Sixth-seeded Dinara Safina overpowered No. 16 Flavia Pennetta 6-2, 6-3 in the U.S. Open quarterfinals Wednesday, earning the right to play one of the Williams sisters next.

Safina, the sister of 2000 U.S. Open men’s champion Marat Safin, reached her first semifinal at Flushing Meadows. The Russian has won 37 of her past 41 matches and made it to the finals at six of her previous seven events.

“I’m getting closer to reaching the same thing as my brother,” Safina said.

The French Open runner-up and Beijing Olympics silver medalist compiled a 25-13 edge in winners against Pennetta and only was broken once.

“She was playing unbelievable, you know,” said Pennetta, from Italy. “She didn’t give me a lot of chance.”

Now comes a much harder assignment for Safina: trying to beat Venus or Serena Williams.

“It’s going to be a big match. You know, they’re both playing good,” Safina said. “I just want to focus again on myself and to give my 100 percent and see who’s going to be stronger.”

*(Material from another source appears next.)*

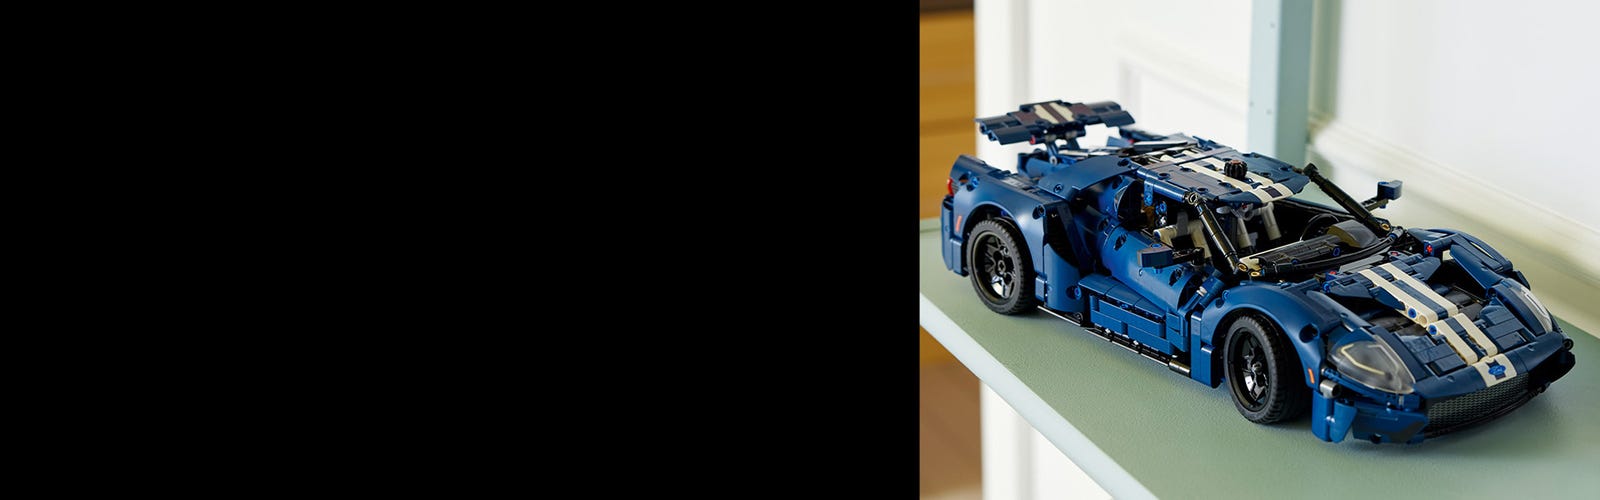 Lego Technic 2022 Ford Gt Car Model Set 42154 : Target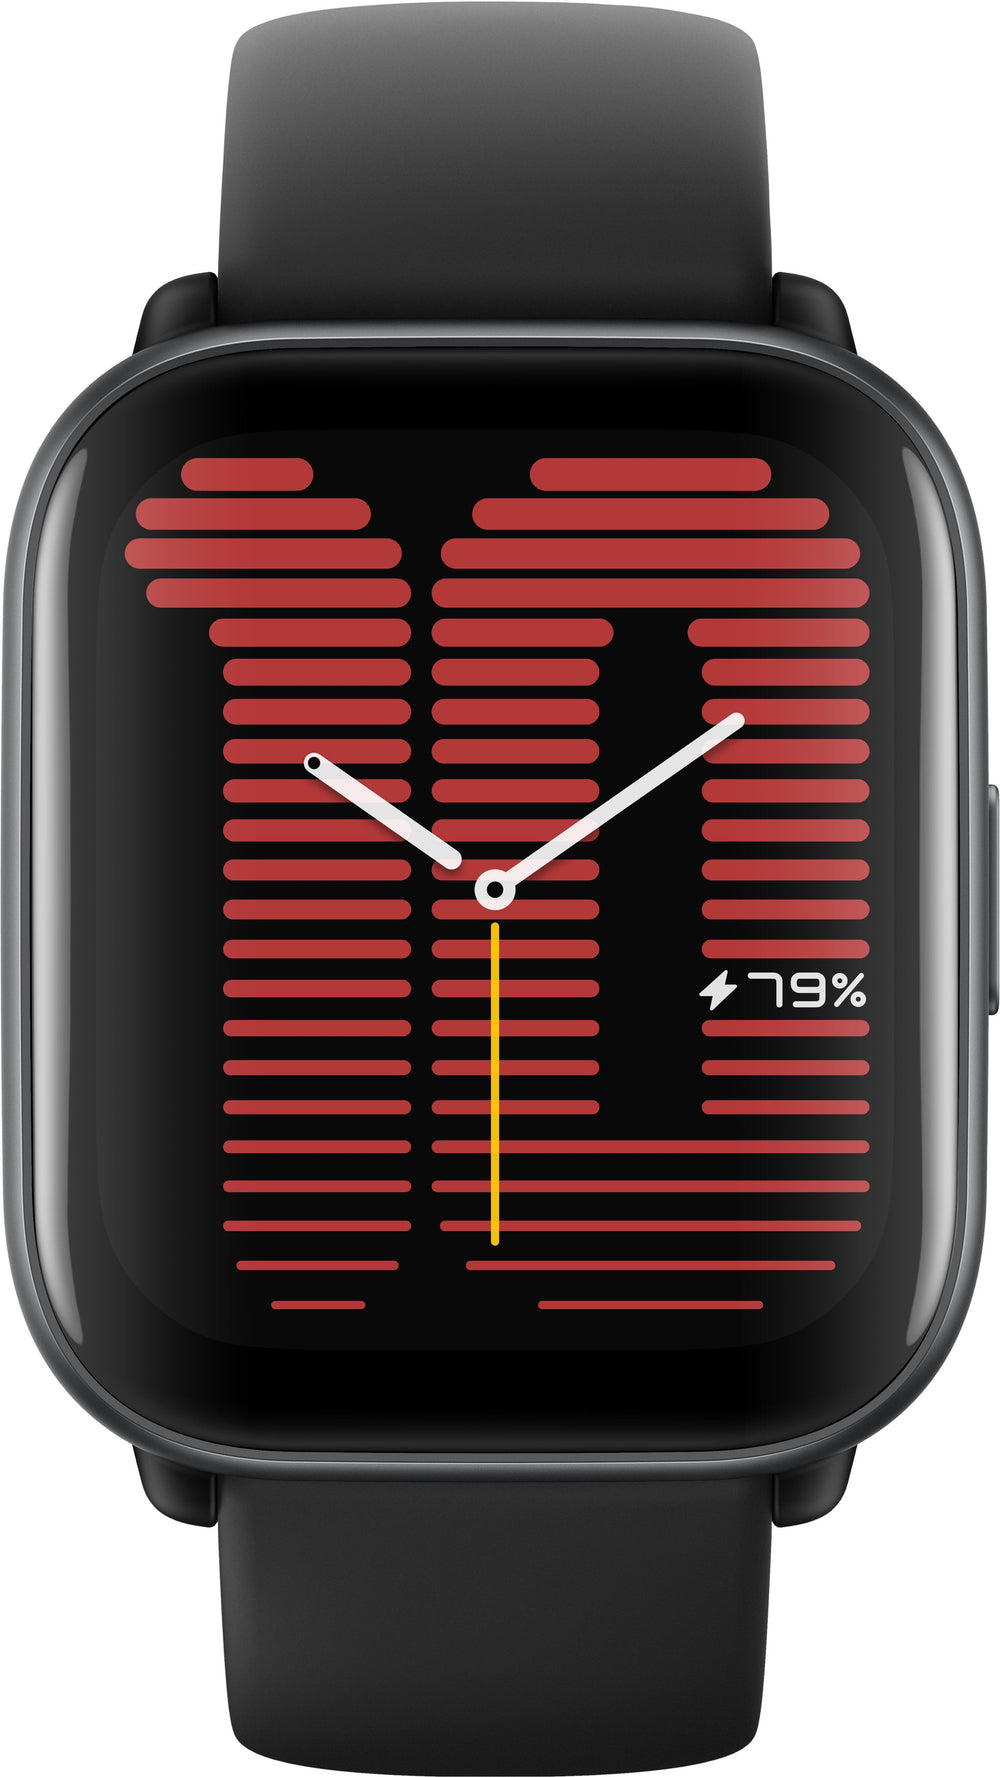 Amazfit - Active Smartwatch - Black_1

The siblings, both two-time Open champions, were to face each other in the last women’s quarterfinal Wednesday night, their 17th matchup as professionals.

Safina is 1-3 against Serena and never has faced Venus.

She was asked which sister she would rather meet.

“I don’t care,” Safina said.

Yesterday’s schedule also included two men’s quarterfinals. No. 6 Andy Murray of Britain reached his first Grand Slam semifinal by beating no. 17 Juan Martin del Potro of Argentina 7-6 (2), 7-6 (1), 4-6, 7-5 in a match that lasted nearly four hours and delayed the start of Williams vs. Williams.

Murray, who ended del Potro’s 23-match winning streak, clinched a rise to No. 4 in the rankings, matching the highest spot ever for a British man. Neither he nor del Potro played particularly well — each made far more unforced errors than winners — but Murray’s biggest complaint was when his request to have the overhead video boards shut off during points was denied.